The possibility of stimulating direct interspecies electron transfer (DIET) within aggregates of methanogenic digesters respectively with ethanol, glycol, and glycerol as a primary substrate was investigated to better understand the mechanisms of alcohol compounds stimulating DIET. Aggregates fed with ethanol, glycol, and glycerol were electrically conductive (10.4-19.4 uS/cm), with a temperature dependence of metallic-like conductivity. Close examination of transmission electron microscope images observed the potential interspecies connected networks assembled by filaments within these aggregates. Further investigations via metatranscriptomics found that, genes for electrically conductive pili (e-pili) (Log2FPKM, 9.39-10.96) and c-type cytochromes (8.90-9.64) were highly expressed within aggregates. Glycerol-fed aggregates exhibited the highest gene expression for e-pili, while glycol-fed aggregates exhibited the highest gene expression for c-type cytochromes. Methanothrix species were dominant and metabolically active within aggregates. Genes encoding the enzymes involved in carbon dioxide reduction were highly expressed in Methanothrix species, suggesting that they participated in DIET. In addition, transcript abundance of genes encoding alcohol dehydrogenase and NADH-quinone oxidoreductase in alcohol dehydrogenation closely associated with NADH/NAD+ transformation within glycol- and glycerol-fed aggregates was generally higher than that within ethanol-fed aggregates. These results, and the fact that NADH/NAD+ transformation was very linked to the ATP synthesis complex that further supported the formation of extracellular electrical connection components, e-pili and membrane-bound multi-heme c-type cytochromes (MHCs), provided a possibility that alcohol compounds comprised of hydroxy groups could stimulate DIET and more hydroxy groups comprised were better for this stimulation.

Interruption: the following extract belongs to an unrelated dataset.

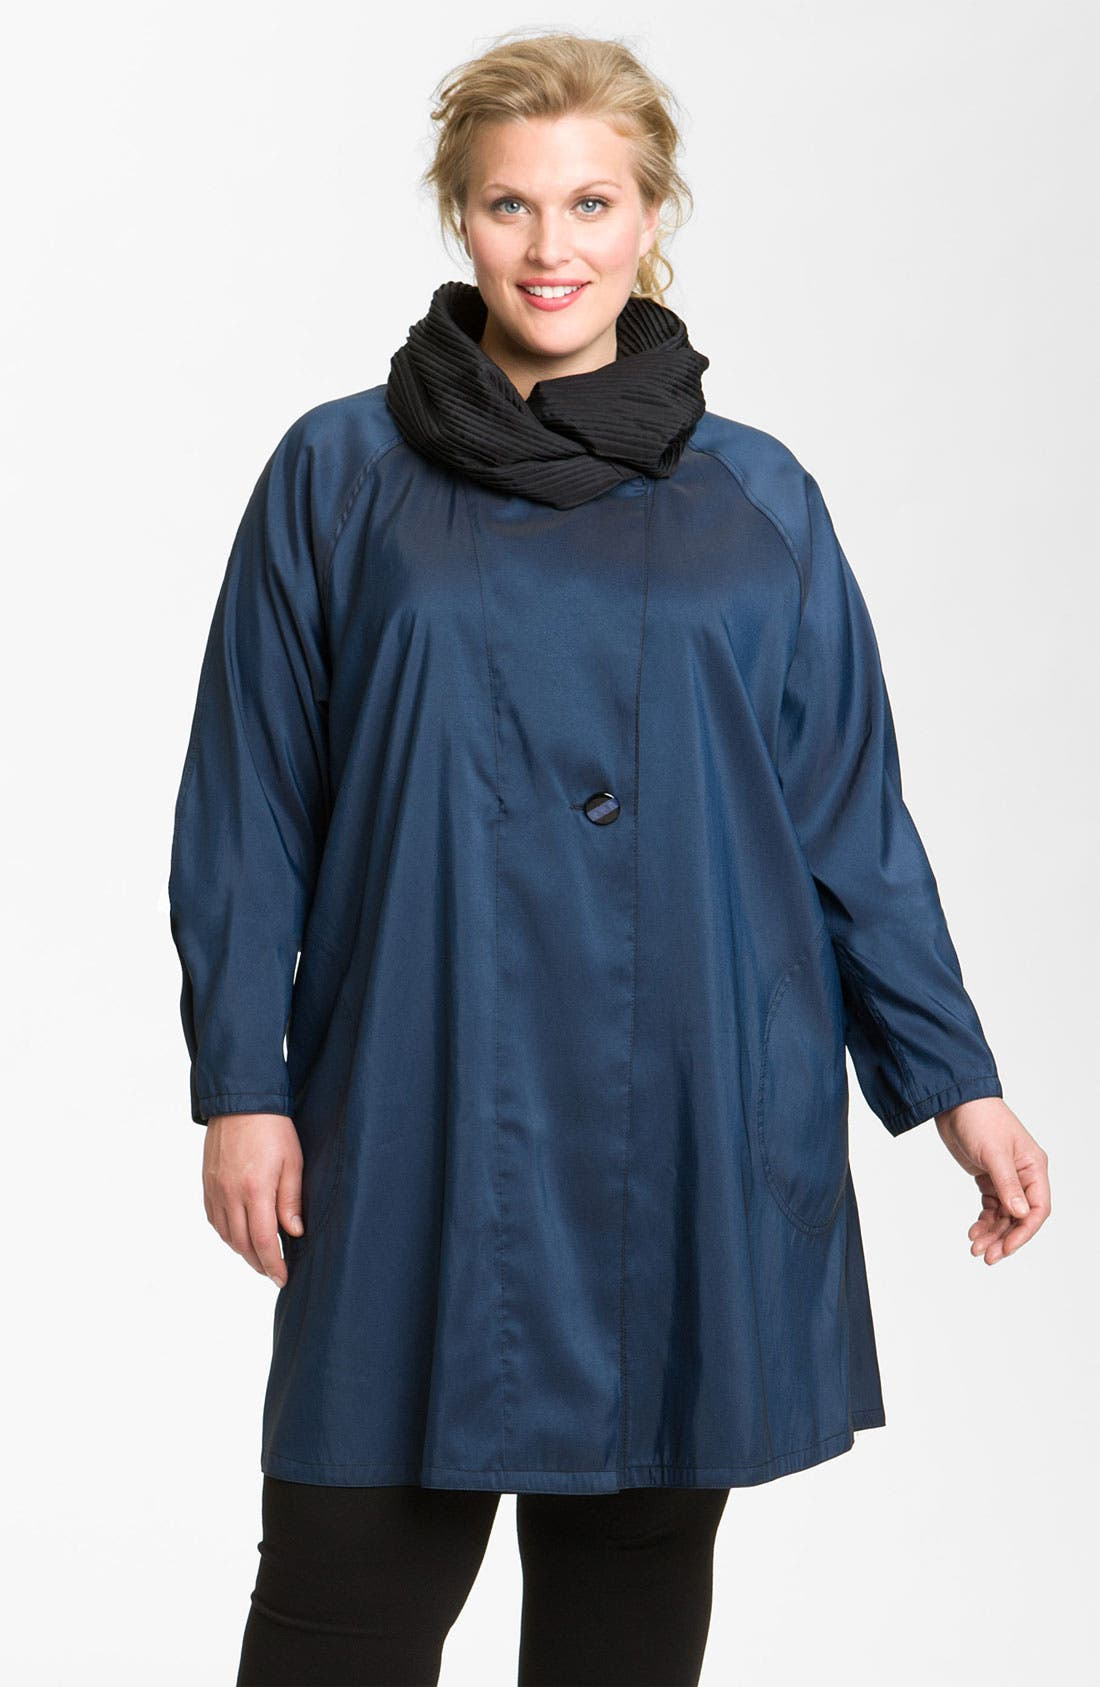 Alternate Image 1 Selected - Mycra Pac Designer Wear Reversible Pleat Hood Packable Travel Coat (Plus Size)

Independent of direct interspecies electron transfer: Magnetite-mediated sulphur cycle for anaerobic degradation of benzoate under low-concentration sulphate conditions.

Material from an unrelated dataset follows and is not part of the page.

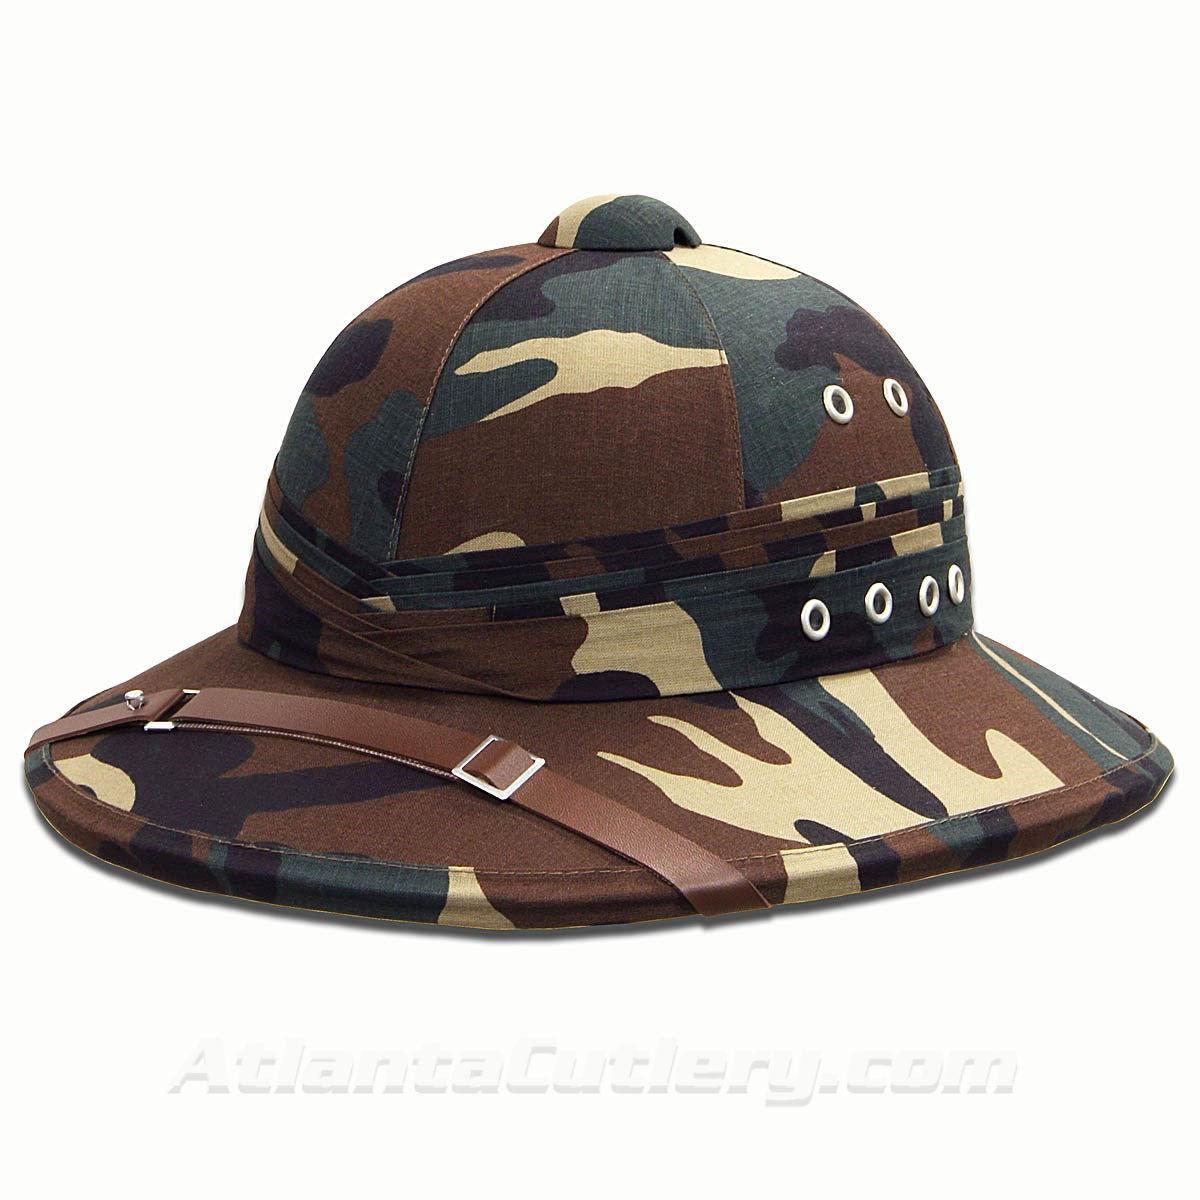 US Style Pith Helmet

The aim of this study was to investigate the primary mechanism of magnetite promoting anaerobic degradation of aromatic compounds under the low-concentration sulphate conditions. Under influent conditions of benzoate at 50 mM-chemical oxygen demand (COD) and sulphate at 15 mM, magnetite promoted benzoate degradation (77.1% vs 56.3%), while the effluent sulphate concentration was slightly higher than that without magnetite (1.6 mM vs 0.7 mM), inconsistent with functional gene prediction that both sulphate respiration and sulphur compound respiration were relatively more active in the presence of magnetite. Remarkably, X-ray diffraction showed that, signal related to Fe3O4 faded away and finally was replaced by FeSO4 and FeS, indicating that magnetite participated in benzoate degradation coupled to sulphate reduction via dissimilatory Fe(III) reduction. Further X-ray photoelectron spectroscopy showed that, signal related to S0 was only detected with magnetite, suggesting the possibility of re-oxidation of sulphide to elemental sulphur coupled to Fe(III) reduction. This was further supported by the increase in abundance of Desulfuromonas acetexigens capable of growing on Fe(III). In addition, magnetite specially enriched the chemolithotrophic sulphur-disproportionating microbes, Desulfovibrio aminophilus, which might proceed the disproportionation of elemental sulphur to sulphate and sulphide to achieve a sulphur cycle for benzoate degradation.